Swaziland competed at the 2016 Summer Olympics in Rio de Janeiro, Brazil, from 5 to 21 August 2016. The country's participation in Rio de Janeiro marked its tenth appearance at the Summer Olympics since its debut in 1972. The delegation included two track and field athletes: Sibusiso Matsenjwa in the men's 200 metres and Phumlile Ndzinisa in the women's 100 metres. Both athletes participated at the Games through wildcard places since they did not meet the required standards to qualify. Neither athletes progressed past their heats, although Matsenjwa set a new national record.

==Background==
Swaziland participated in ten Summer Olympics between its debut in the 1972 Summer Olympics in Munich, West Germany, and the 2016 Summer Olympics in Rio de Janeiro, Brazil. The only occasions in that period which they did not attend was at the 1976 Summer Olympics in Montreal, Quebec, Canada, and the 1980 Summer Olympics in Moscow, Soviet Union. On both occasions, it was because they had joined with international boycotts of the events. The first boycott was because of the inclusion of the New Zealand team at the Games despite the breach of the international sports boycott of South Africa by the nation's rugby union team shortly prior. In 1980, Swaziland joined with the United States led boycott over the 1979 invasion of Afghanistan during the Soviet–Afghan War. The highest number of Swazis participating at any one Games was 11 at the 1988 Summer Games in Seoul, South Korea. No Swazi has ever won a medal at an Olympics.
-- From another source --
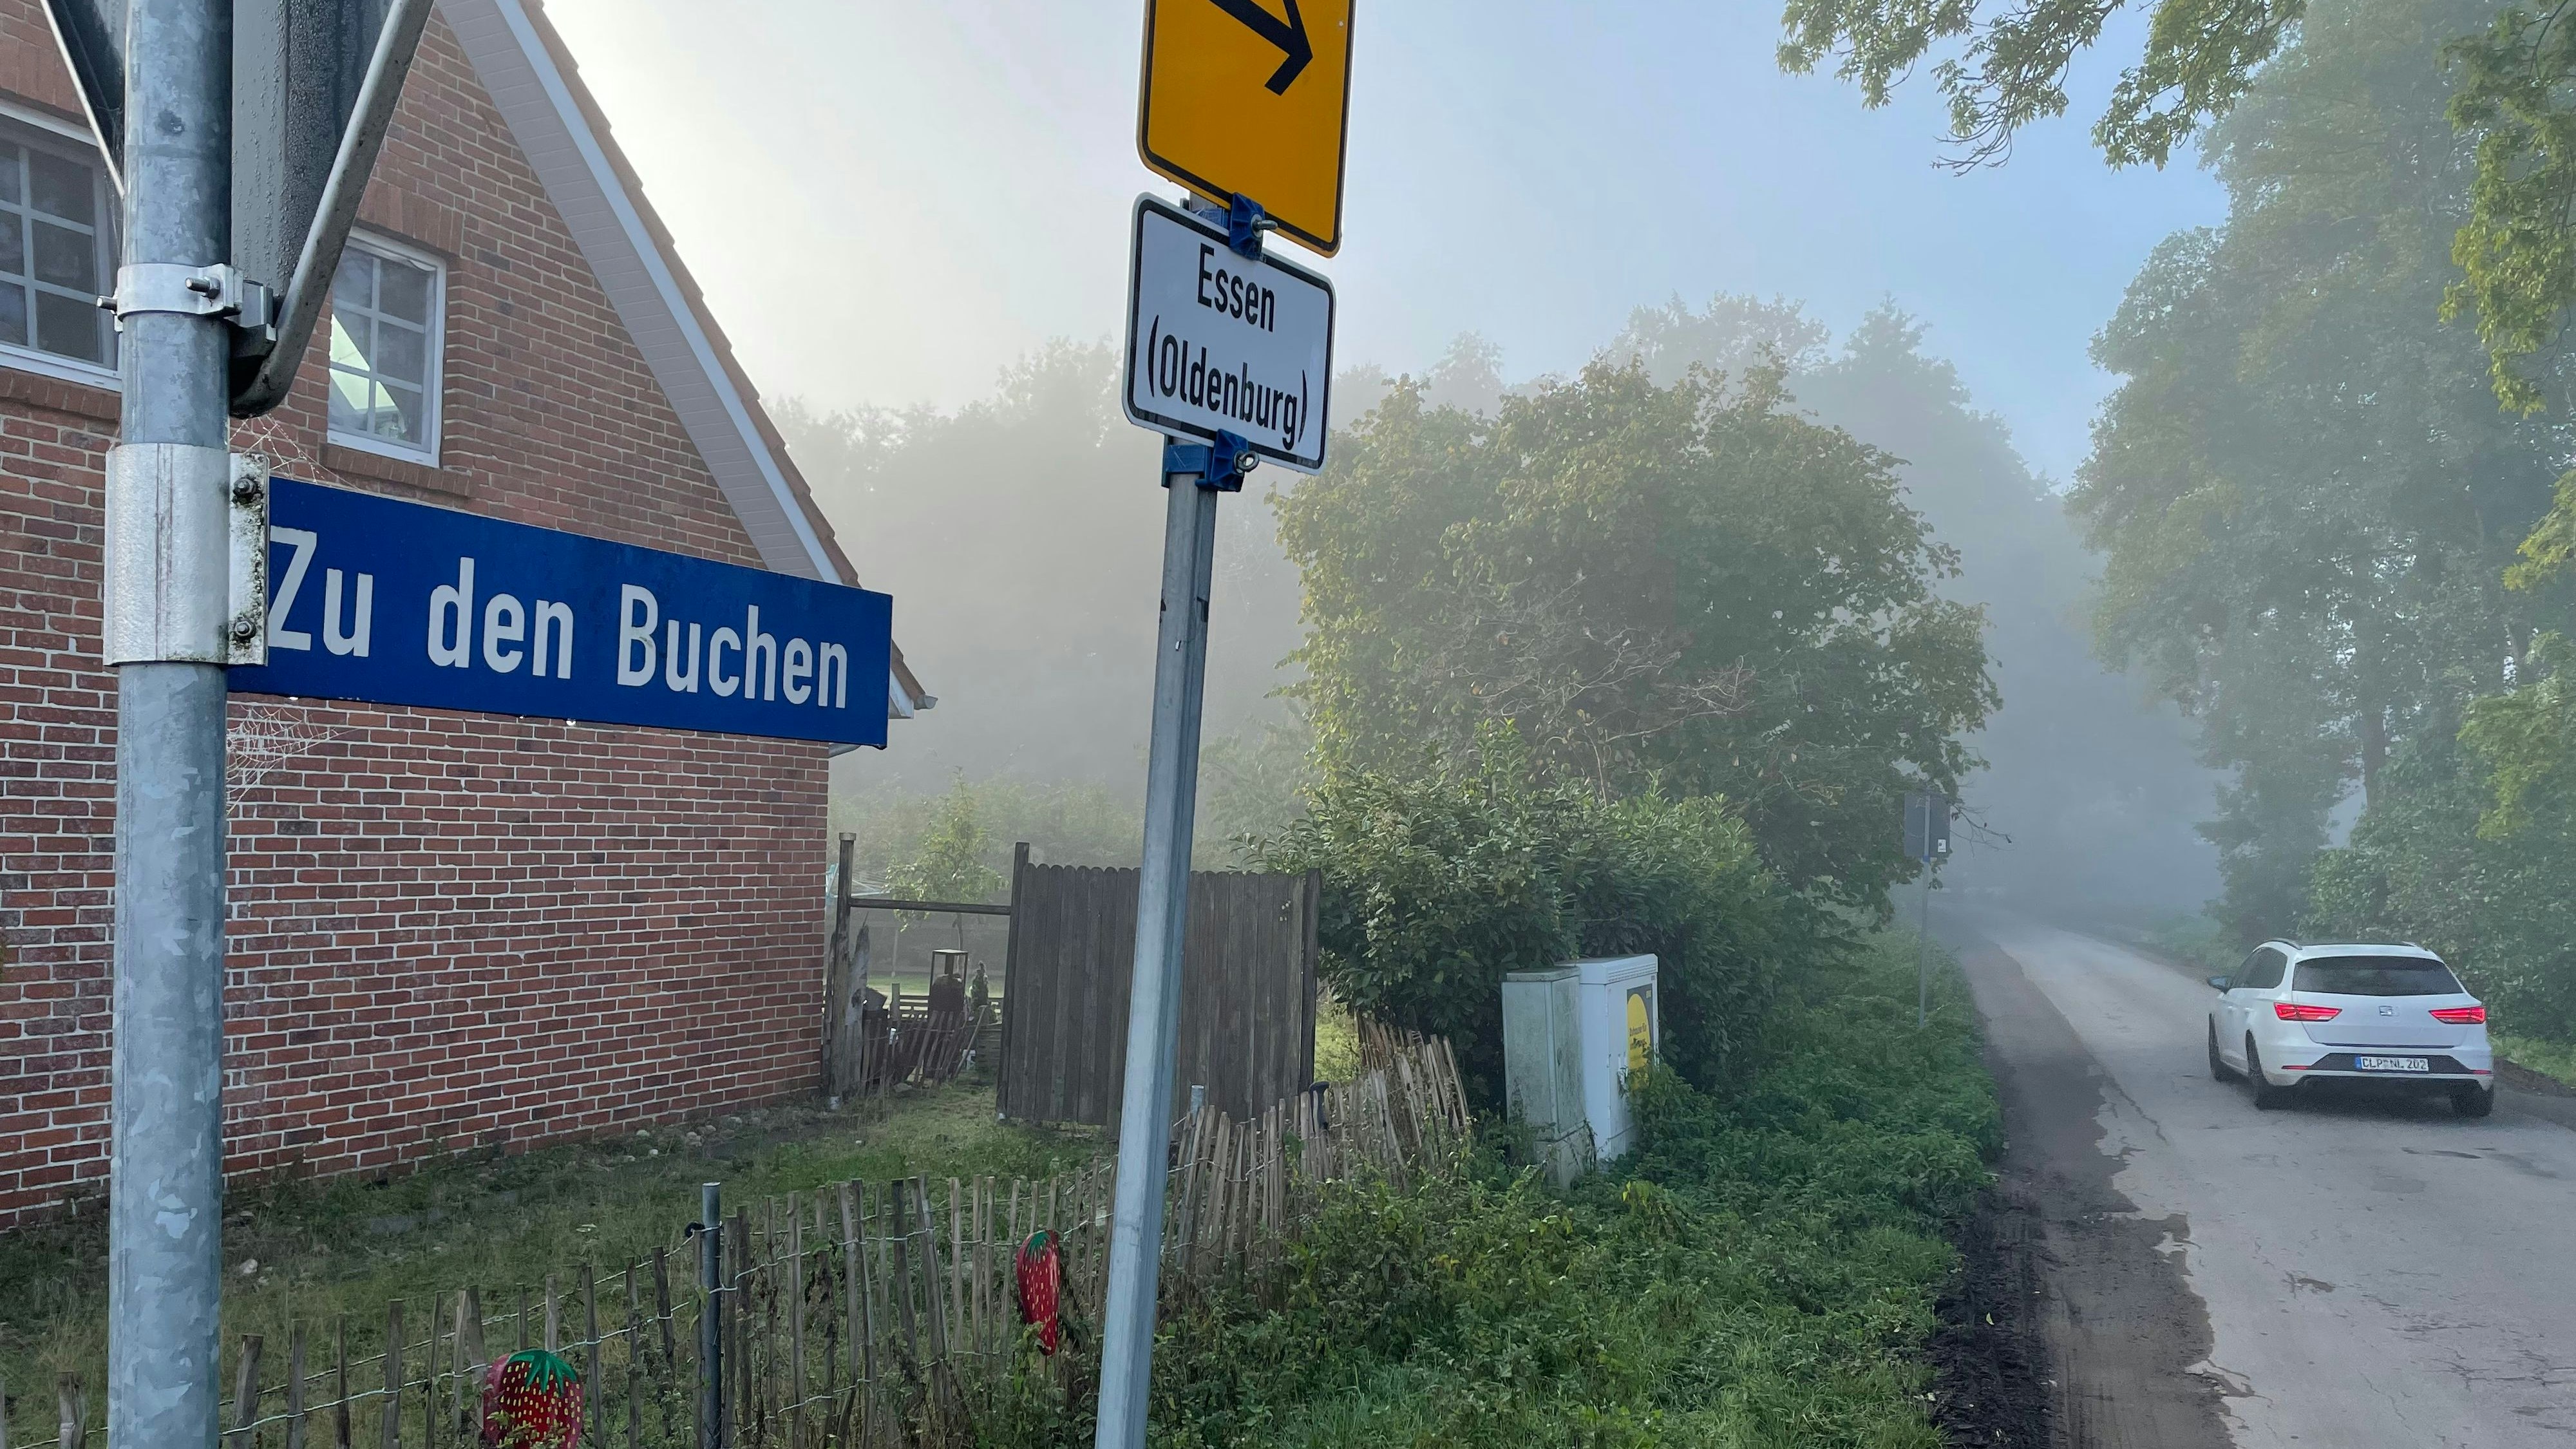 Schleichweg in Bunnen: Die Straße "Zu den Buchen" wird von Autofahrern entgegen ihrer Bestimmung als Umleitung genutzt. Foto: G. Meyer
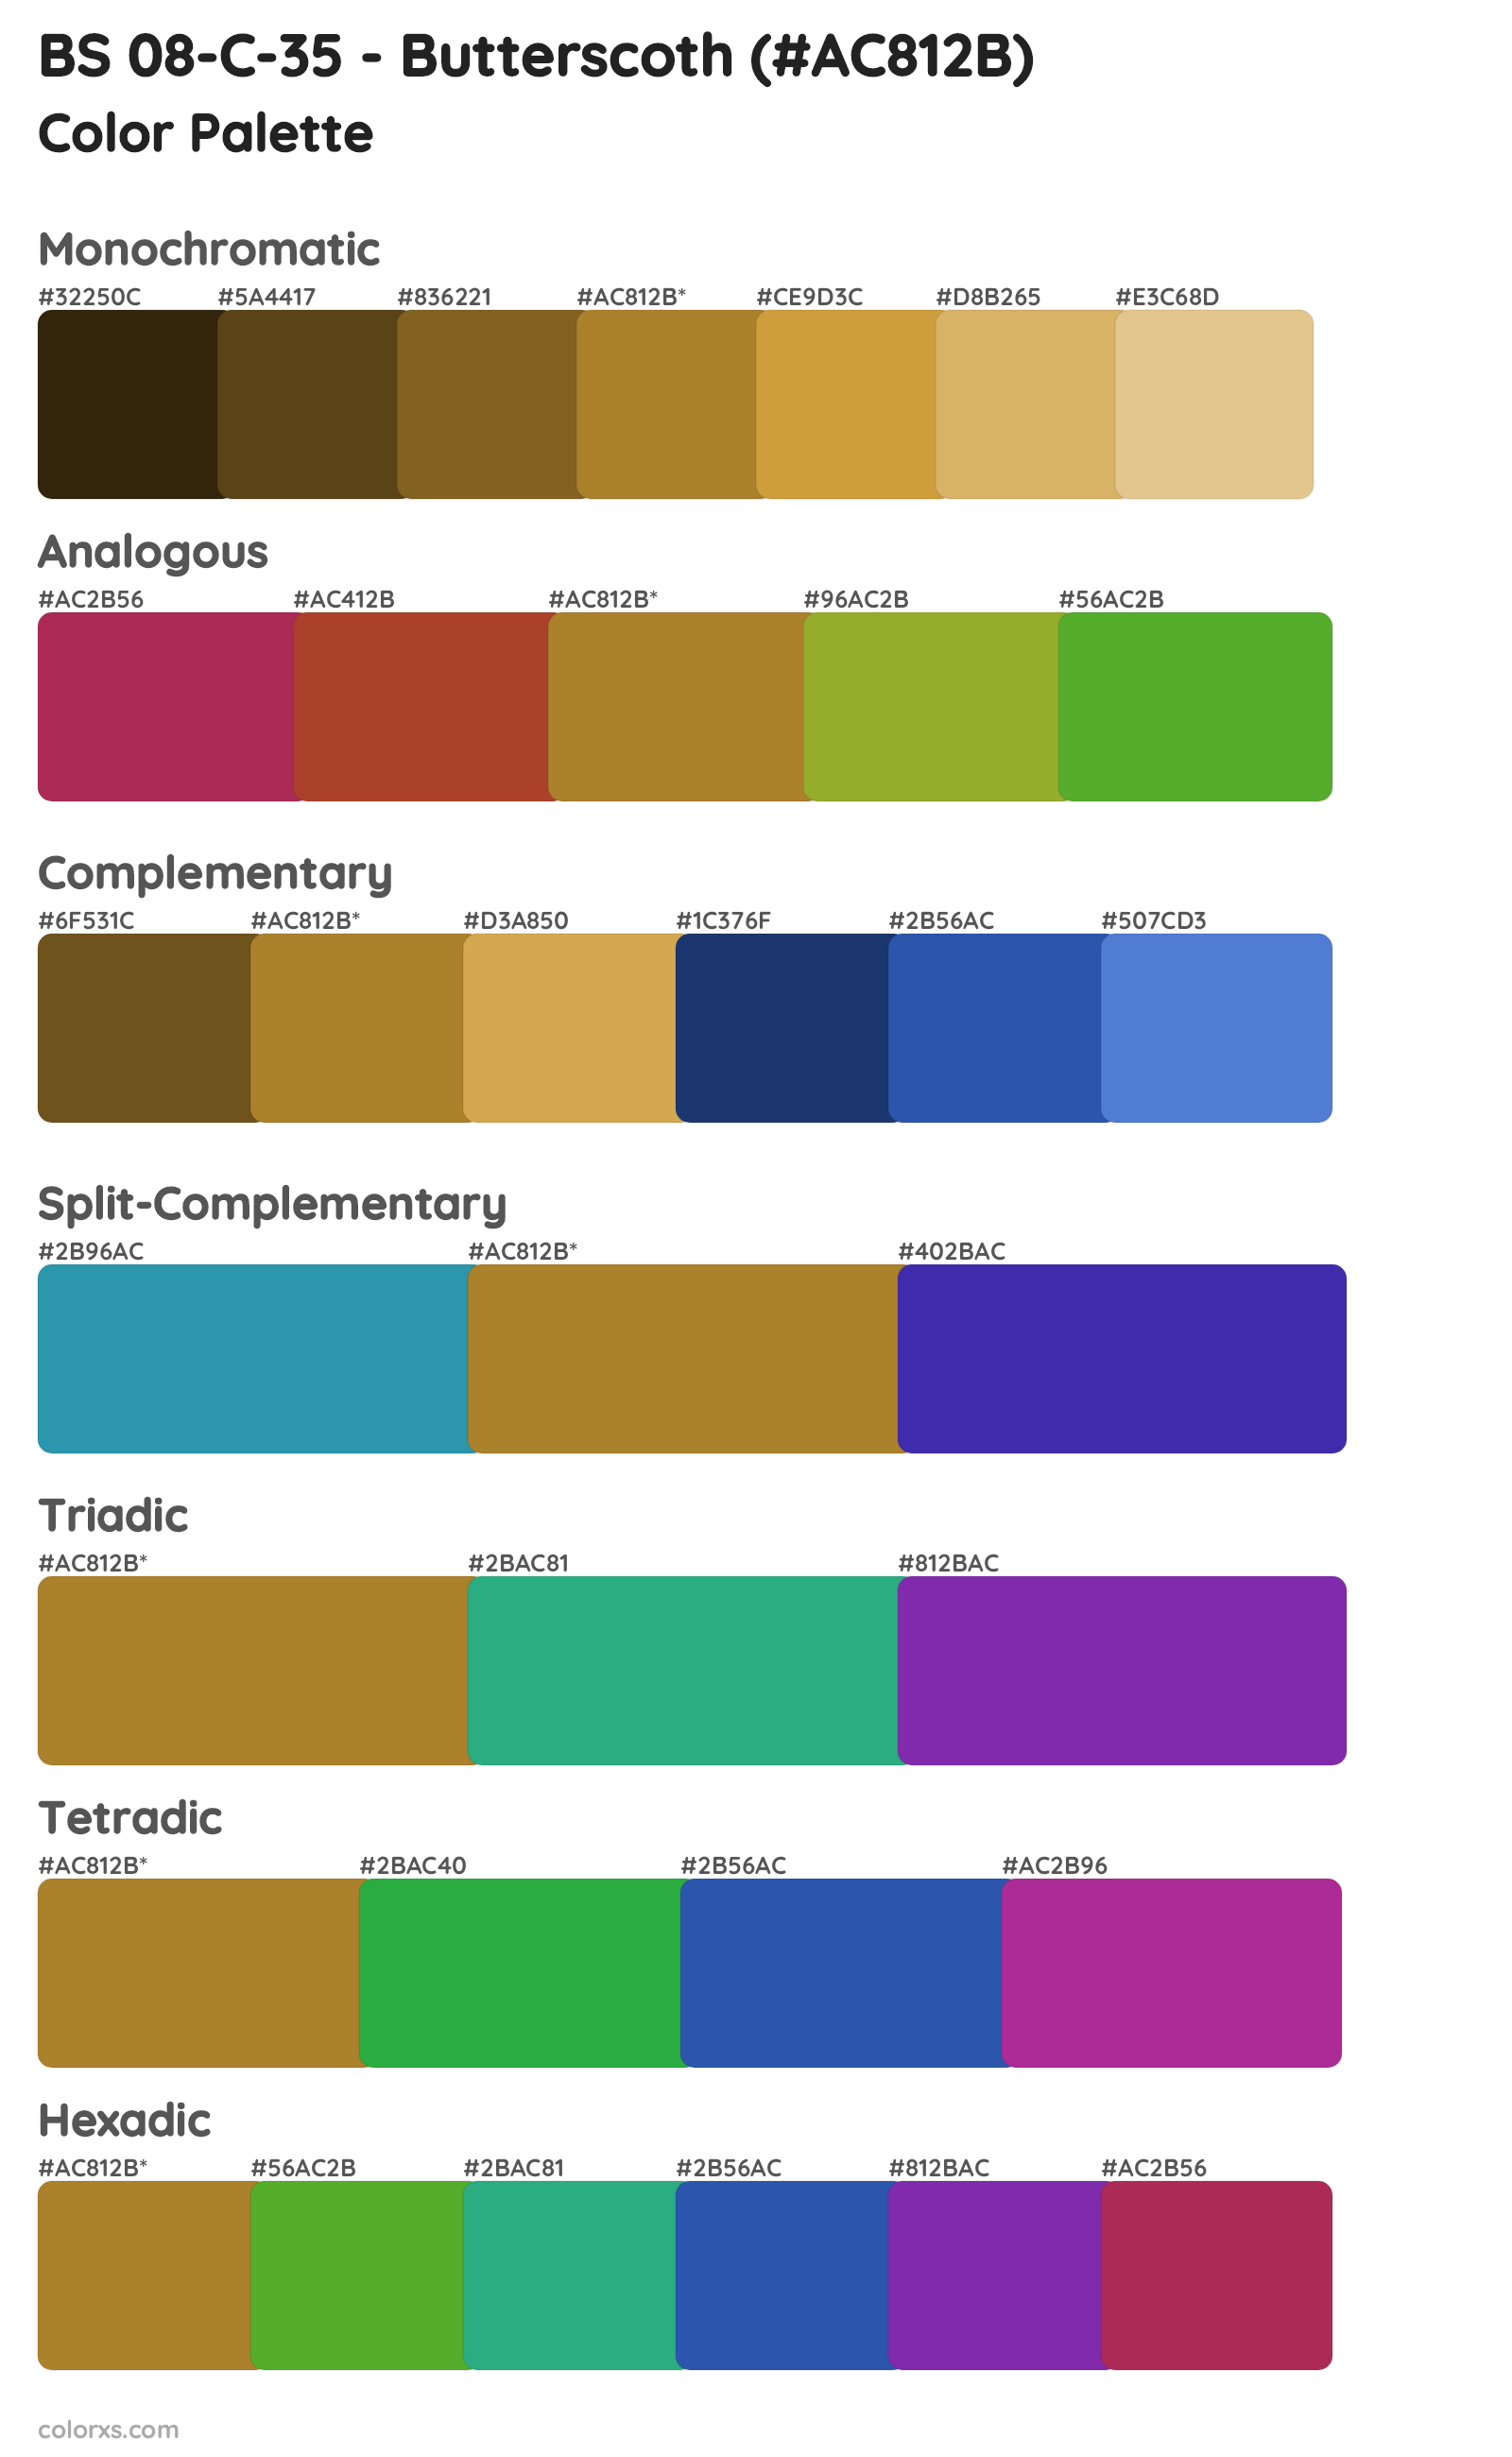 BS 08-C-35 - Butterscoth Color Scheme Palettes

The Swaziland Olympic and Commonwealth Games Association selected two athletes using wildcard slots. A National Olympic Committee was able to enter up to three qualified athletes in each individual event at the 2016 Games as long as each athlete met the "A" standard, or one athlete per event if they met the "B" standard. However, since Swaziland had no athletes that met either standard, they were allowed to select two athletes, one of each gender, as wildcards. Swaziland was one of several countries who sent a delegation of two athletes in 2016, with only Tuvalu sending a single competitor.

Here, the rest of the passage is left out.